# Moving to melbourne



## mol12 (Oct 11, 2011)

I all, I'm new here ! My husband and I will be moving to Melbourne in January with our two boys 8&9. I will be working in bayside . Was just looking for best schools in this area and best( not too expensive) place to live ...any suggestions??


----------



## Investment Guru (Jul 14, 2011)

Any ideas on how much is not expensive? it will really shorten the lists 
Best to you and the move. Wonderful area for your boys maybe near sports facilities?

cheers


----------



## mol12 (Oct 11, 2011)

Thanks  yes I was a bit vague!! We have been looking at oakleigh as impressed by oakleigh primary school!? Our budget could probably stretch to about 400 per week rent... Is it a family friendly place to live?


----------



## bsanor (May 19, 2011)

mol12 said:


> Thanks  yes I was a bit vague!! We have been looking at oakleigh as impressed by oakleigh primary school!? Our budget could probably stretch to about 400 per week rent... Is it a family friendly place to live?

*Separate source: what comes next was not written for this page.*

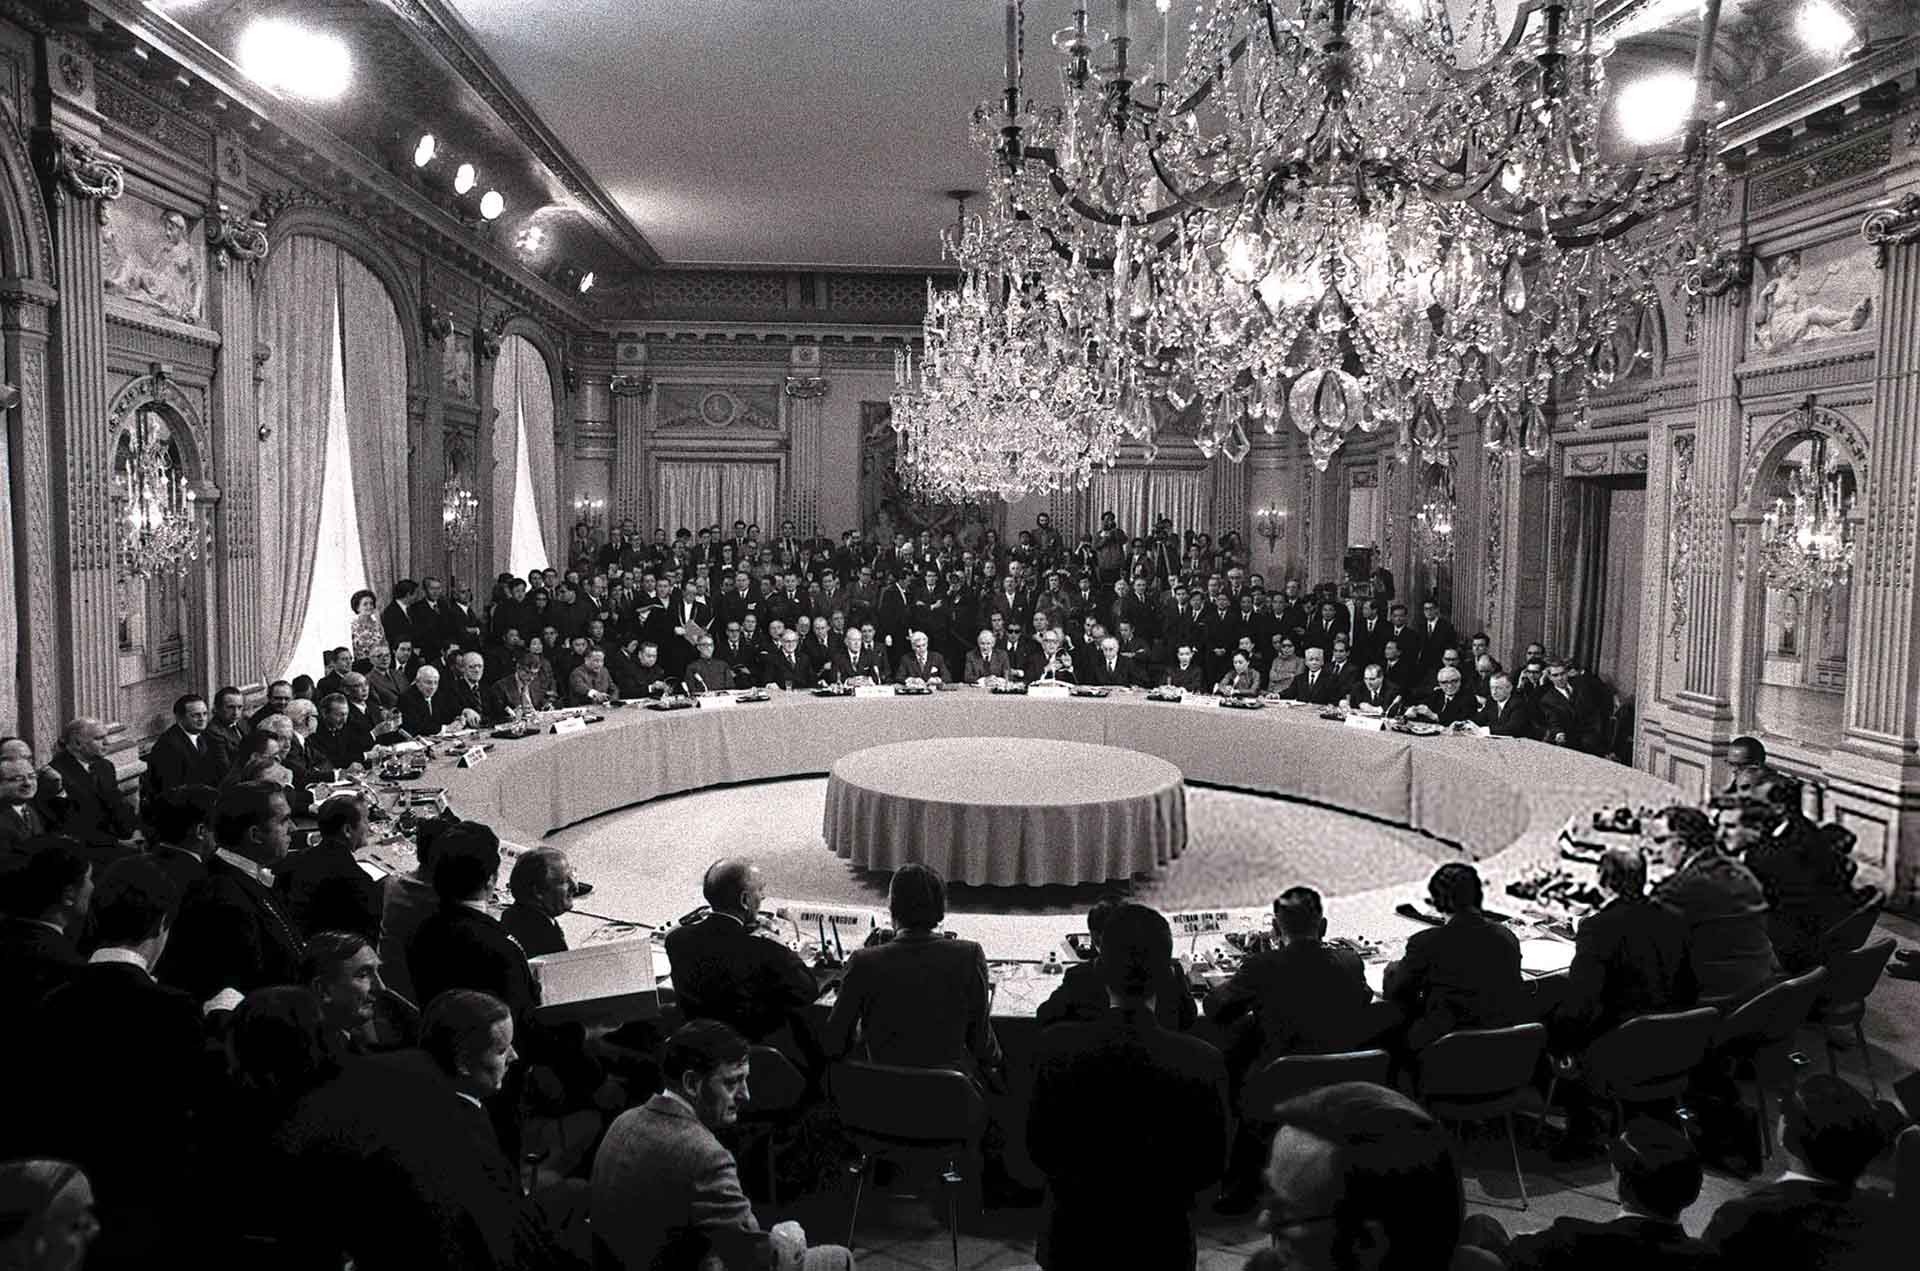 Hội nghị Định ước quốc tế về Hiệp định Paris về Việt Nam được tổ chức tại Trung tâm Hội nghị quốc tế trên Đại lộ Kléber (Paris), ngày 2/3/1973, với sự tham dự đại diện của 12 nước và Liên hợp quốc. (Nguồn: Getty Images)

Cheltenham is nice and close to shopping, buses, and train.


----------



## Hock Siew (Mar 6, 2010)

bsanor said:


> Cheltenham is nice and close to shopping, buses, and train.


Dear Bsanor,

I am looking at living in the Cheltenham area as well. However, I understand that areas close to the beach are generally more expensive. Certainly, the prices of houses seem to be higher. Not sure about rental.

Rgds,
Hock Siew


----------



## Hock Siew (Mar 6, 2010)

Dear Mol 12,

Welcome to Melbourne!

I`m new here myself having arrived here in June this year. So I`m really only starting to get familiar with the city myself 

Which part of Bayside will you be working in? And also where will your husband be working? I guess you don`t want to find a home too far from your working places either.

Rgds,
Hock Siew


----------



## alvinmoe (Jul 21, 2010)

*Oakleigh*

I went to look at Preston street rental. You could rent a 3 bedroom (unit) with 450/ week. I think it is quiet and family friendly. I have seen families cycling in the area and a couple of kids. There is cafe nearby and a couple of shops near Oakleigh train station. Train connection is good but not as fast as other areas.

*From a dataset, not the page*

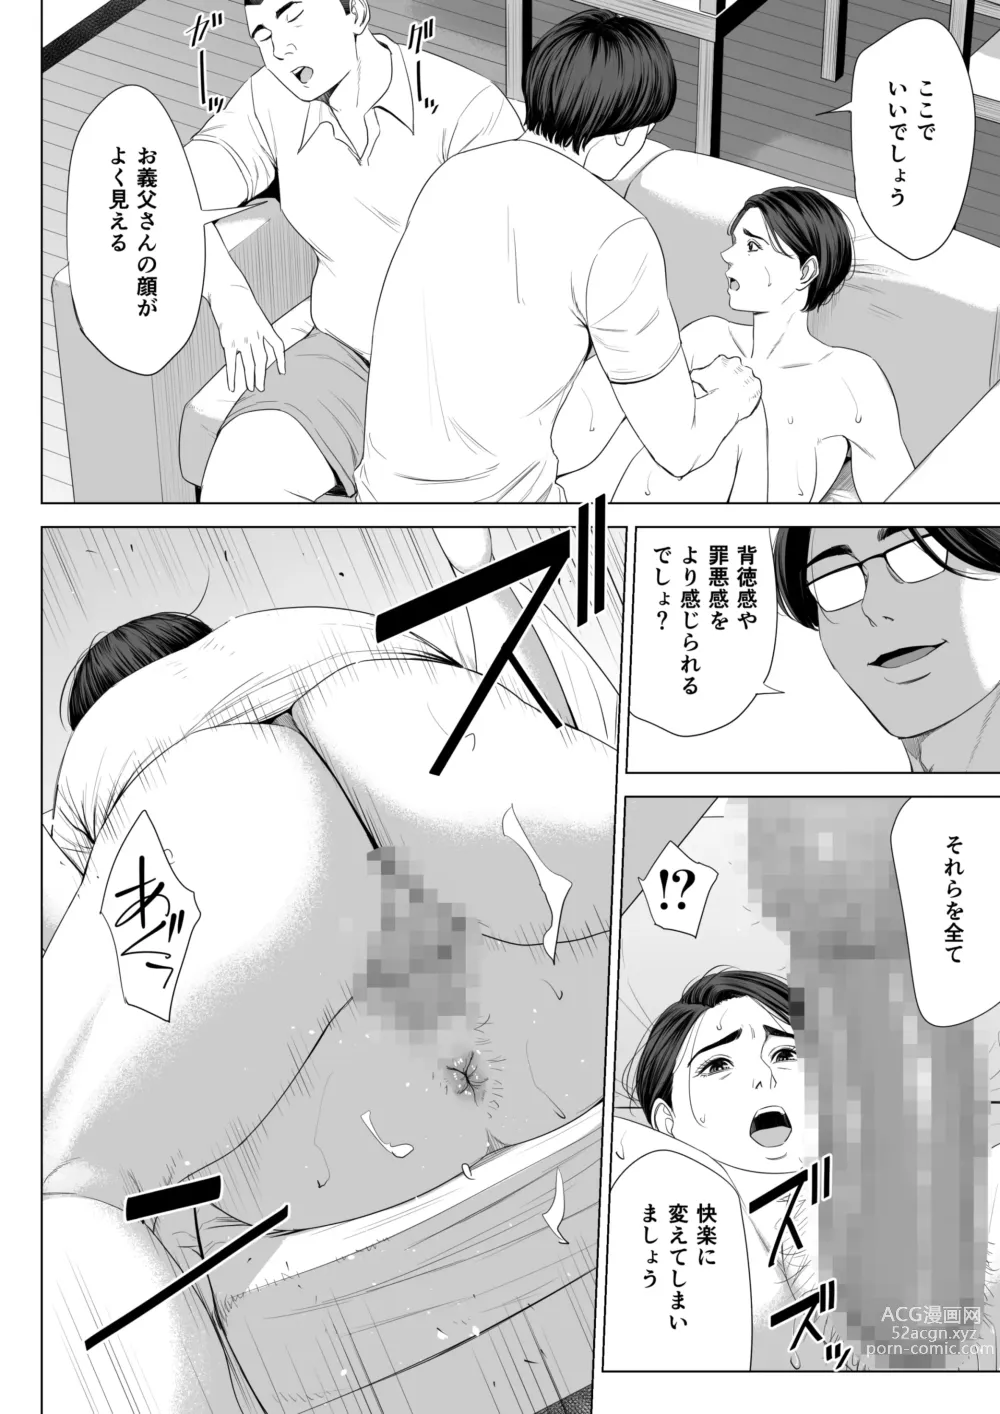 Page 71 of doujinshi Gibo no Tsukaeru Karada.

Pls check Metrolink or Yarra trams websites to check commuting distance to your work.



mol12 said:


> Thanks  yes I was a bit vague!! We have been looking at oakleigh as impressed by oakleigh primary school!? Our budget could probably stretch to about 400 per week rent... Is it a family friendly place to live?


----------



## David786 (Dec 19, 2011)

Hello To all,

I agree with Alvin.


> I think it is quiet and family friendly. I have seen families cycling in the area and a couple of kids. There is cafe nearby and a couple of shops near Oakleigh train station. Train connection is good but not as fast as other areas.


I suggest Too, that is Great Living Area For Families and I hope you would be happy with this


----------



## Nelly87 (Jul 3, 2011)

Some might disagree because it has good and bad areas, but I am loving Melton. Some parts of Melton are perfect for young families - safe and quite affordable and not too far from anything, others are a bit more... dodgy?

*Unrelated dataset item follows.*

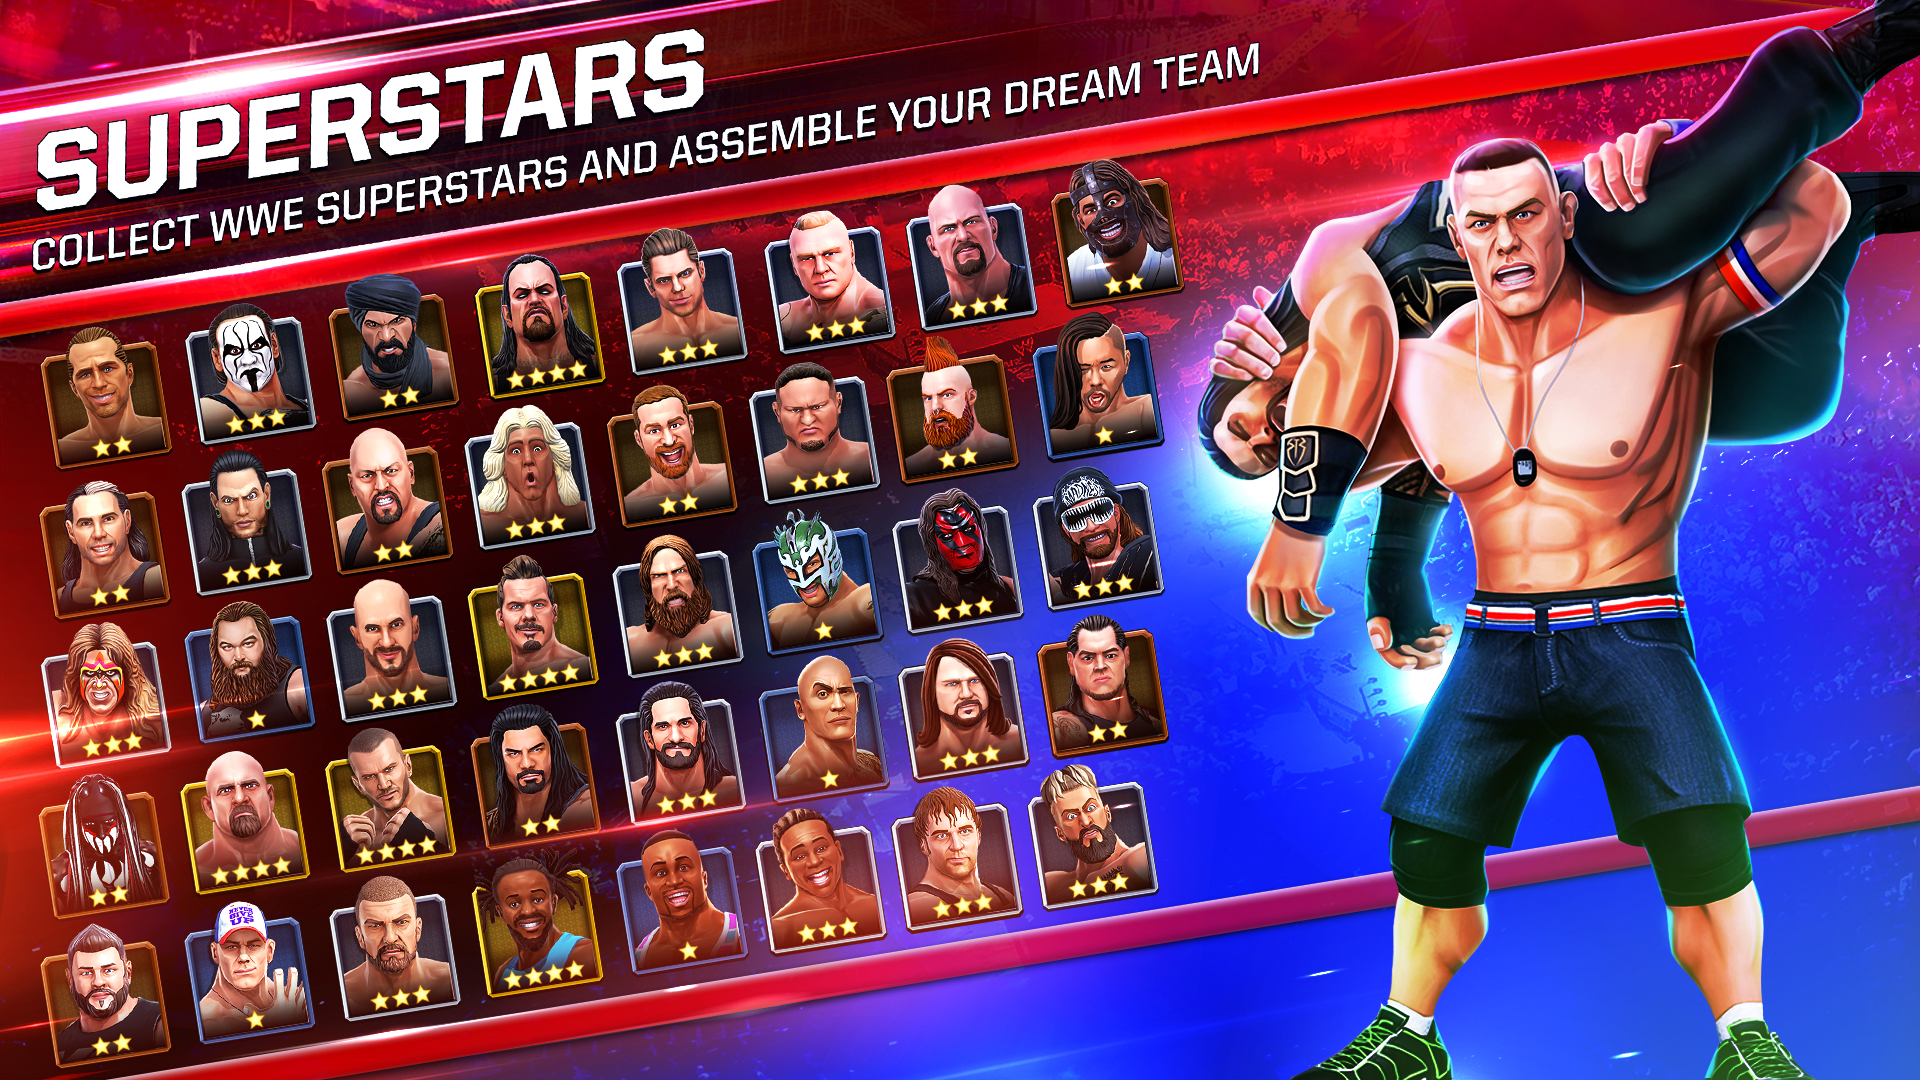 Screenshot 02 - Superstars.jpg

Do you know any locals in the Melbourne area? They might be able to advise you as well, as I've found that the only way to figure it out here is through personal experience. Areas can look lovely in pictures or can be described wonderfully online but only the people who live there know if it's a good place to raise kids. I've also seen dodgy looking places that were actually (according to locals) perfectly safe and nice enough.

I must admit I know nothing about schools or even the distance to Bayside honestly (I've been here for 2 weeks now, haha, but living with the inlaws who have lived here for ages). All I know is I wouldn't mind living in this area. I do know it takes about an hour for us to get to St Kilda, hahaha. Just another 2 cents, I hope it does help a bit.


----------



## james12 (Feb 8, 2012)

Caufield Grammar School , Melboune Grammar School are the best that i know


----------